Do pecado ao prazer Por Victória Bolfe

A

lgumas barreiras do preconceito foram ultrapassadas em relação a termos corpos com os quais nos identificamos, mas sair do conceito de vandalização para o conceito de beleza e identidade não é uma ciência exata. Na sociedade contemporânea, as discussões sobre o próprio corpo e as modificações feitas nele estão cada vez mais constantes entre famílias, colegas e amigos, muitas vezes através de estereótipos e julgamentos. Isso porque por séculos, no cristianismo, o corpo, além da procriação, está associado ao pecado e à luxúria, levando cristãos a suprimirem seus desejos e repreenderem desejos alheios. Ao longo dos últimos anos, outros pensamentos foram construídos sobre nós mesmos e cada corpo passou a ser considerado único, uma mistura de genes hereditários com questões culturais, influências dos meios externos em que vivemos e nossas próprias vontades.

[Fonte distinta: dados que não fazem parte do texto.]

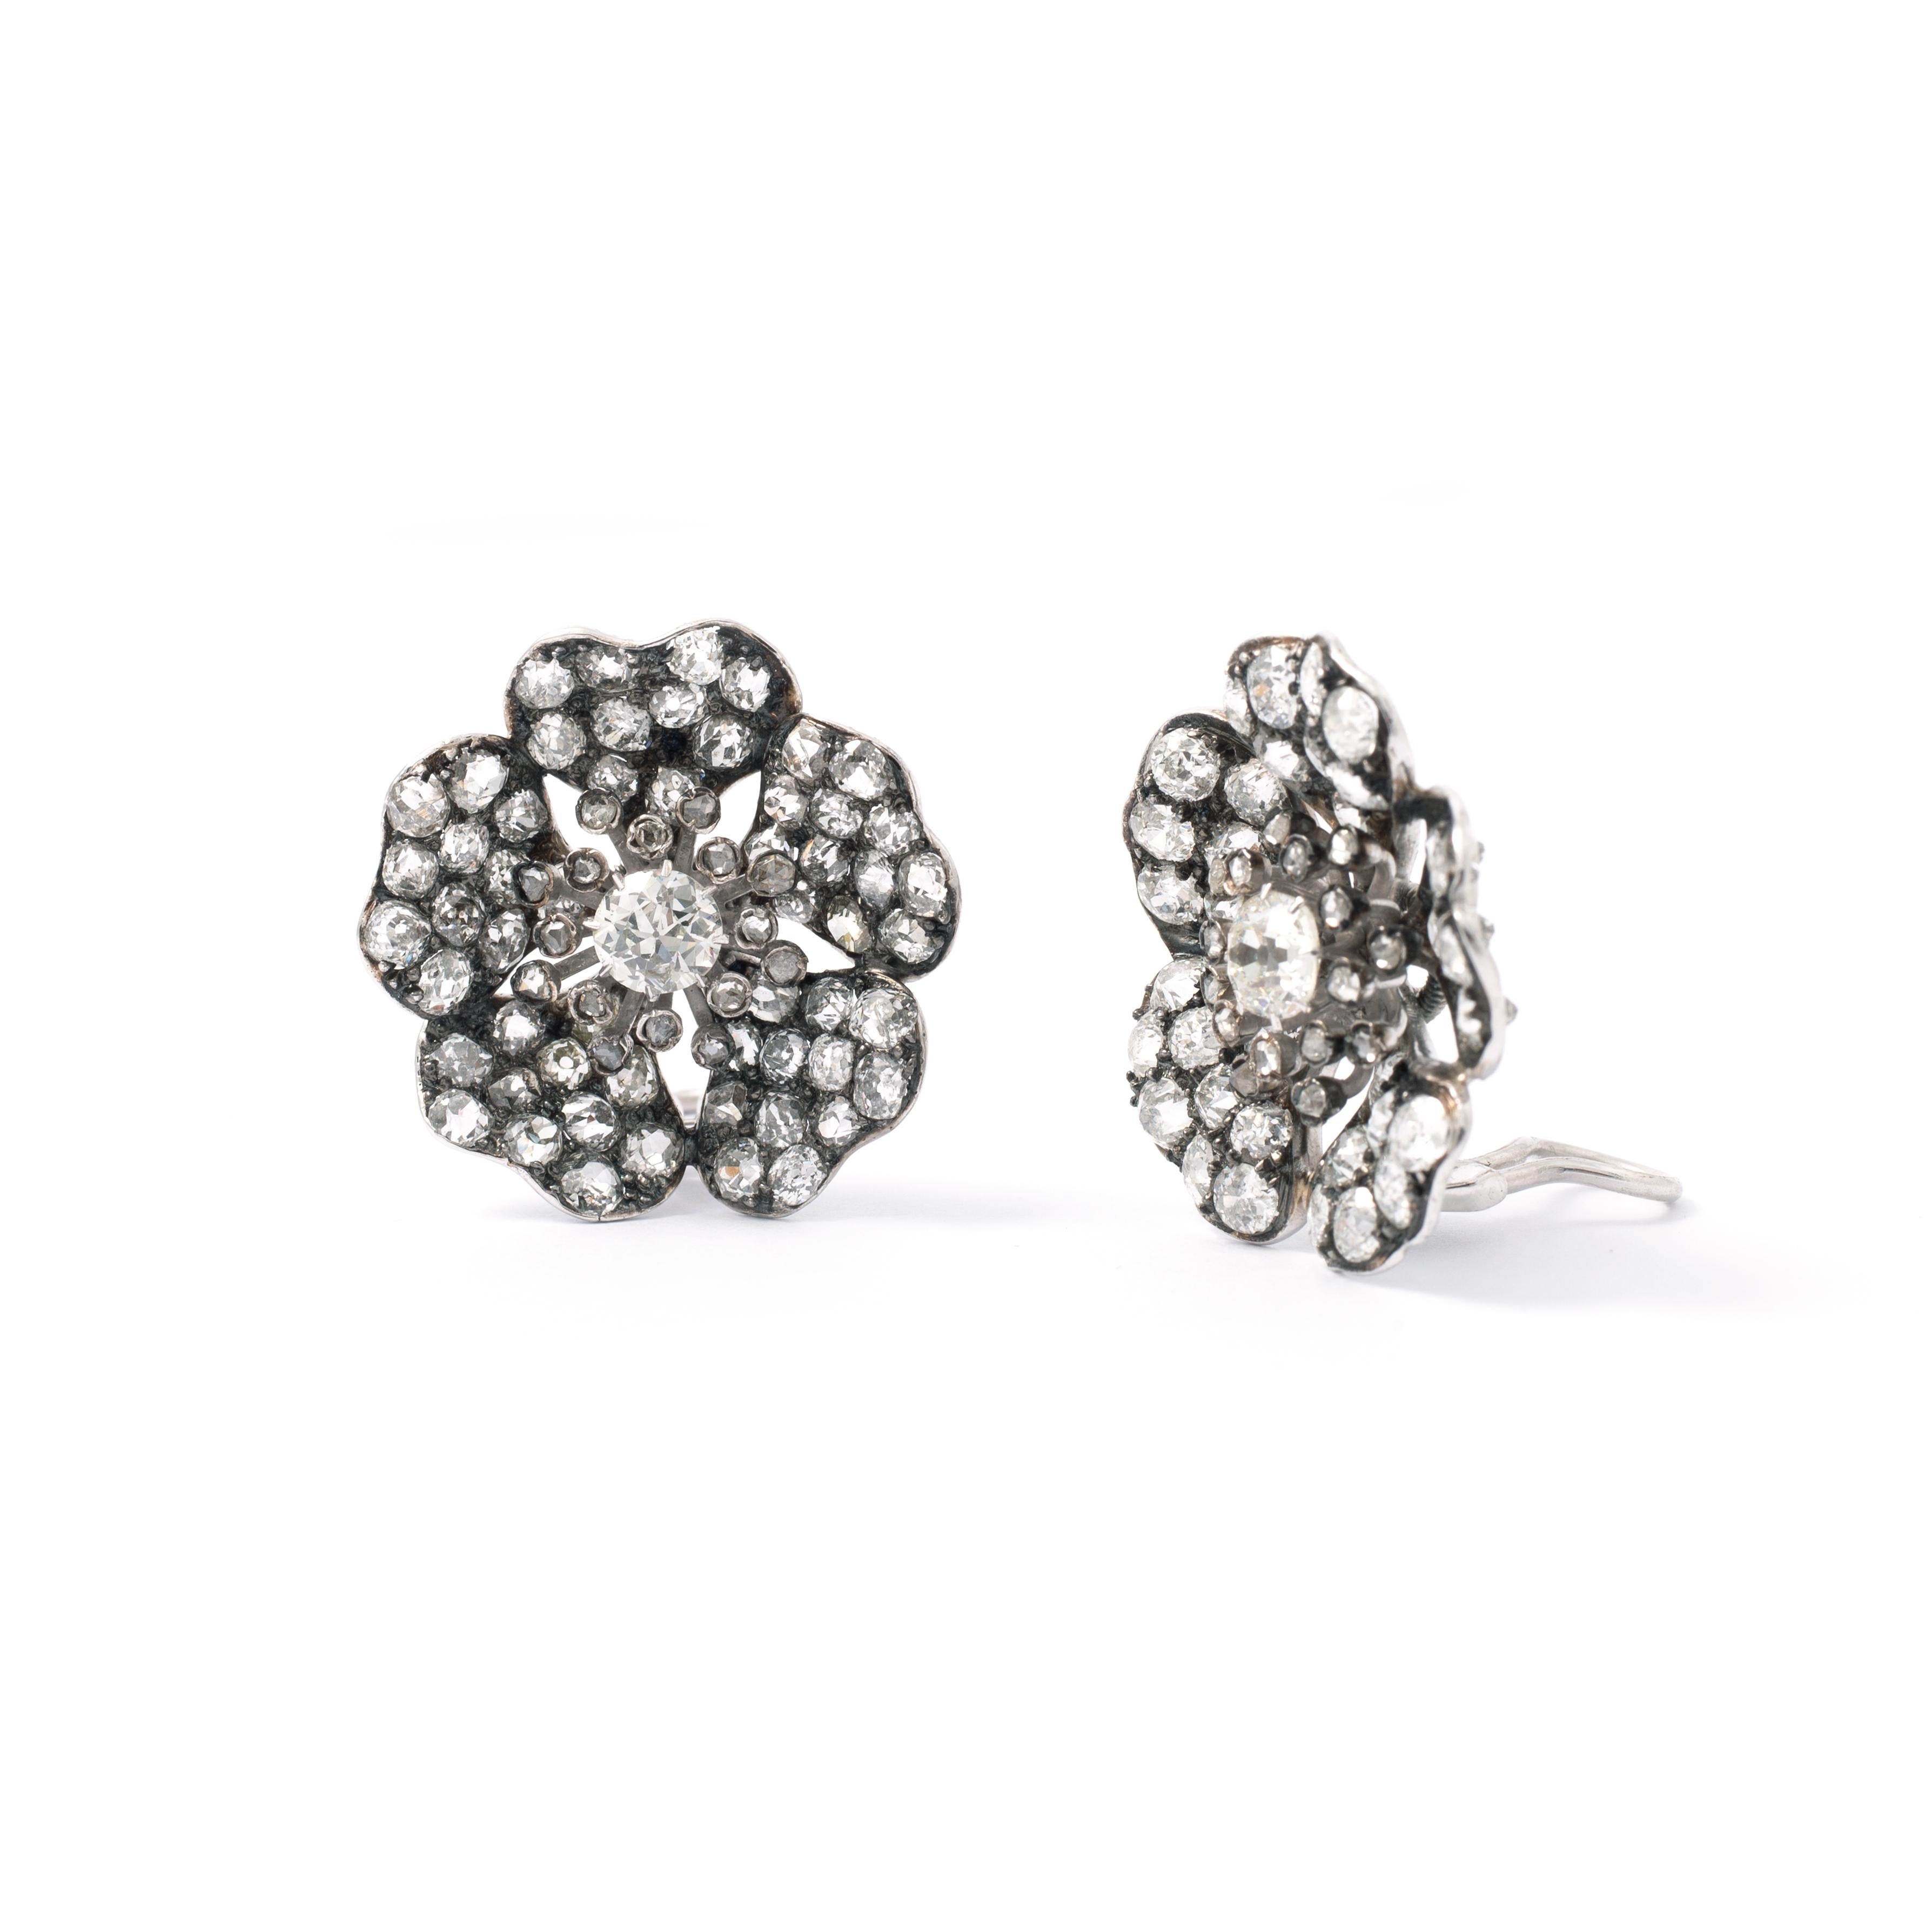 Realistic Old Mine Diamond and white Gold Flower Earclips.

Cada pessoa passou a alterar seu corpo para encontrar o prazer, mudança que para muitos está diretamente associada à própria aceitação ou à sua autenticidade. As redes sociais também têm tido importante papel de transformação:

as novas mídias intensificaram a necessidade de destaque da multidão, mesmo que seja acompanhando os passos de influenciadores digitais. Diante desse novo contexto estético, cabe uma reflexão para que o excesso de exposição não torne a vontade de mudar o corpo em patologia psicológica. Todos são livres para fugirem do estereótipo e aceitar a própria forma é uma questão de saúde, mas ainda resta estabelecermos diálogos mais saudáveis e empatia. Falar para a avó que a língua bifurcada é de Deus ou contar à sogra que tatuou a lombar não é um processo simples. Há dificuldade em expormos mudanças ainda mais drásticas, como dizer ao amigo que fez a troca de sexo ou expor a quantidade de procedimentos estéticos pelos quais passou, situações que podem assustar quem vê de fora, mesmo em pleno século XXI. Essa discussão sobre as transformações do corpo e encontro da própria identidade será abordada neste caderno “Um corpo para chamar de meu”. A vida de uma travesti, o mercado de tatuagens e procedimentos estéticos, uma língua bifurcada e uma psicóloga estão reunidos neste suplemento para a reflexão de que o corpo é de cada ume que cada um escolhe qual corpo deve ser o seu.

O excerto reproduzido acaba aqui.